Same problem here. AVG fails to connect to the AVG servers to download updates. Following the suggestion of the failure message that appears on screen, I checked the connection settings. Everything is set to their defaults, and it is not trying to do anything funky like use a custom proxy server or anything like that. I've also checked firewall settings (on this PC in particular, it is using the default Windows Firewall, which doesn't not make any difference when it is turned off).

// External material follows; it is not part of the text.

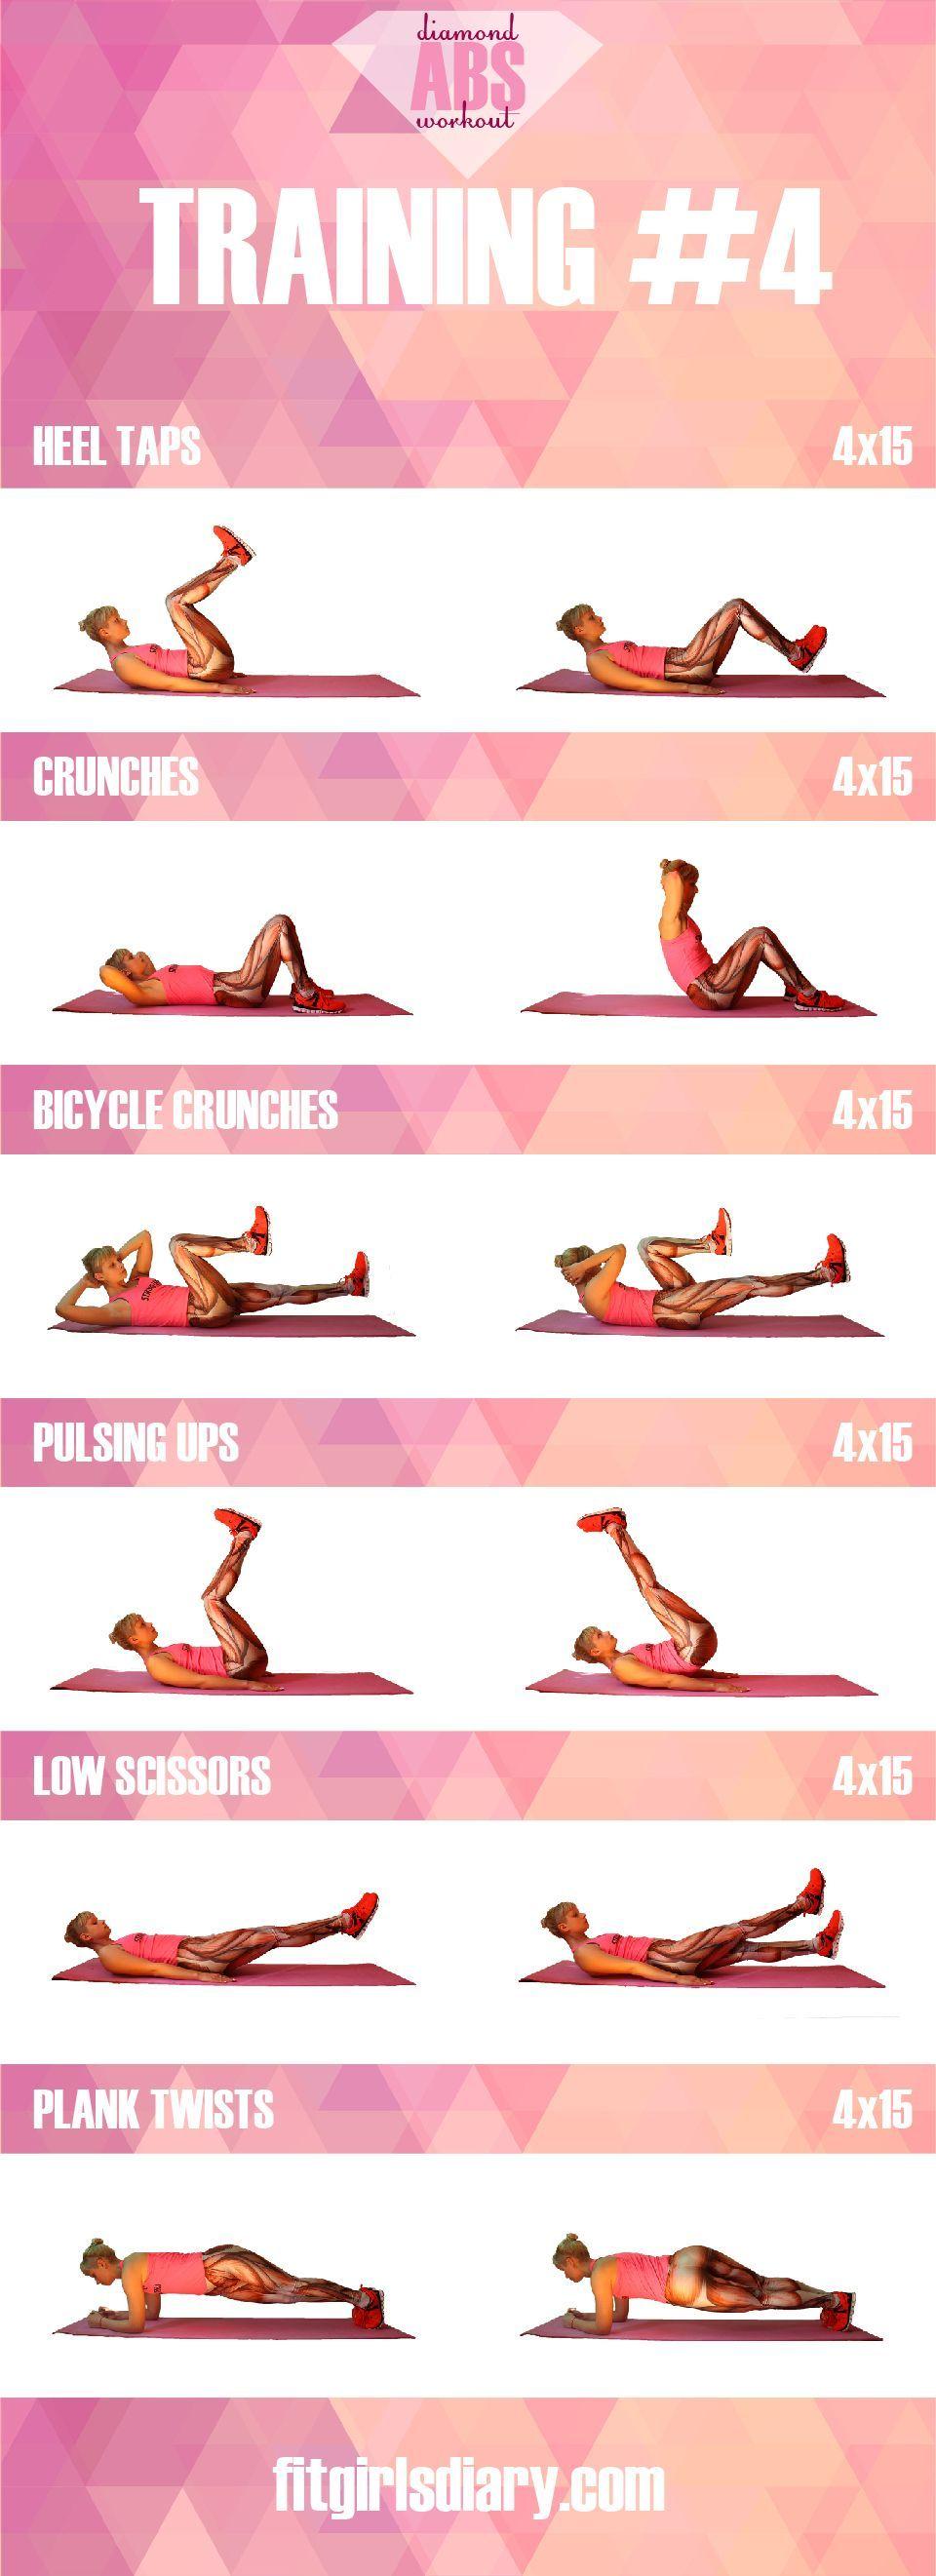 Abdomen exercises for ladies

So, uninstall and reinstall? Will that do the trick? Or is there something else that I can try?


----------



## Guest (Nov 7, 2008)

I have uninstalled and re installed but it's just the same!!!!!!!!!!!!!!!!

Kryters


----------



## DoubleHelix (Dec 10, 2004)

I've had this problem with AVG for at least a week now. I'm not even notified that the updates failed. My computer is on all the time, so it's not a network connectivity issue. It appears that AVG's automatic update feature is simply not functioning.


----------



## Guest (Nov 7, 2008)

I understand it's AVG's fault, there is work going on at their server, just had an udate downloaded.


----------



## Noyb (May 25, 2005)

Had the same problem all day yesterday on two computers.
Looks like All's well this morning.

I've learned to not push the Panic button .. Just wait.


----------



## DreamCrystal (Jul 8, 2007)

Well the problem seemed to be corrected last night.. I guess it was the avg server because I didn't have this type of problem before. I hope there are no more problems.


----------



## Guest (Nov 7, 2008)

Yes, I have no problems now.


----------



## raj.jilfanks (Nov 9, 2008)

Hey guys im new in here, I too tried updating the avg internet security but i am not able to do so. Could you please suggest me the methods of installation and updating ?


----------



## raj.jilfanks (Nov 9, 2008)

Hey guys im new in here and i too tried updating avg internet security but not able to do so, hence could you please tell me the installation procedure and the updating process?


----------



## Noyb (May 25, 2005)

Just tried to update .. took 3 attempts to get a connection.
I think since AVG is so popular .. the server may be busy .. so I usually try several times.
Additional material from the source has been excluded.